# [What needs to be done]
Set down exactly the lines below between the line holding "underground platform sign" and the line holding "Les Hurlements d'Léo", inclusive; no other line belongs in the answer.

# [Extracted data entries]

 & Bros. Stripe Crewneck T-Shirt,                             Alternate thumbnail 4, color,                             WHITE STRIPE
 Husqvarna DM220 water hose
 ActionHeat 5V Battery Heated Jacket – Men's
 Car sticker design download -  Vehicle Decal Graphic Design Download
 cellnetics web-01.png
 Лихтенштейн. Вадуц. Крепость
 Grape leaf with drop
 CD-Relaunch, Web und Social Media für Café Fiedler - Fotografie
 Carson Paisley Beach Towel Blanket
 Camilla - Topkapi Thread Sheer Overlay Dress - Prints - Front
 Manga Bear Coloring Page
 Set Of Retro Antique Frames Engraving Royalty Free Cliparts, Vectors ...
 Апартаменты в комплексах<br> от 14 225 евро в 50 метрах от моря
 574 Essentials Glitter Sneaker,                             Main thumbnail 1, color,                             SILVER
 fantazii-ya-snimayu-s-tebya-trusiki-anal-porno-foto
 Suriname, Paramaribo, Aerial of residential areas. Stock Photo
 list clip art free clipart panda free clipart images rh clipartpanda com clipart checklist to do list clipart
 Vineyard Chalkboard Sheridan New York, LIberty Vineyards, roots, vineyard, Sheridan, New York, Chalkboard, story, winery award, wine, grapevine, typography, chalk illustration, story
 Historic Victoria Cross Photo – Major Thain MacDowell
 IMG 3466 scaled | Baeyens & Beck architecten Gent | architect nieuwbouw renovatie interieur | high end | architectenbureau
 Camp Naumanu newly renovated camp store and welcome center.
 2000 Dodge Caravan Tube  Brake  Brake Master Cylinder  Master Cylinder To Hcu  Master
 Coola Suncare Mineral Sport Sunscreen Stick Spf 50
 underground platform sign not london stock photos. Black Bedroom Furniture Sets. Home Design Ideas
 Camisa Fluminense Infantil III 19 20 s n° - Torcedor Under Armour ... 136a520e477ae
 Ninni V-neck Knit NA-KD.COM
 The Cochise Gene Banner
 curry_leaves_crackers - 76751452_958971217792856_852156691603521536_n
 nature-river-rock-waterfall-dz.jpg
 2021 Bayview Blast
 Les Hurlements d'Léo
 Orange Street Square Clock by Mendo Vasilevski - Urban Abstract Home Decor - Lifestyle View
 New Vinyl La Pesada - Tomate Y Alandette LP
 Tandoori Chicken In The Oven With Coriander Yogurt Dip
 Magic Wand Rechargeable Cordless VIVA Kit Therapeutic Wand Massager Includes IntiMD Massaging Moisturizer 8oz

# [Solution to this problem]
 underground platform sign not london stock photos. Black Bedroom Furniture Sets. Home Design Ideas
 Camisa Fluminense Infantil III 19 20 s n° - Torcedor Under Armour ... 136a520e477ae
 Ninni V-neck Knit NA-KD.COM
 The Cochise Gene Banner
 curry_leaves_crackers - 76751452_958971217792856_852156691603521536_n
 nature-river-rock-waterfall-dz.jpg
 2021 Bayview Blast
 Les Hurlements d'Léo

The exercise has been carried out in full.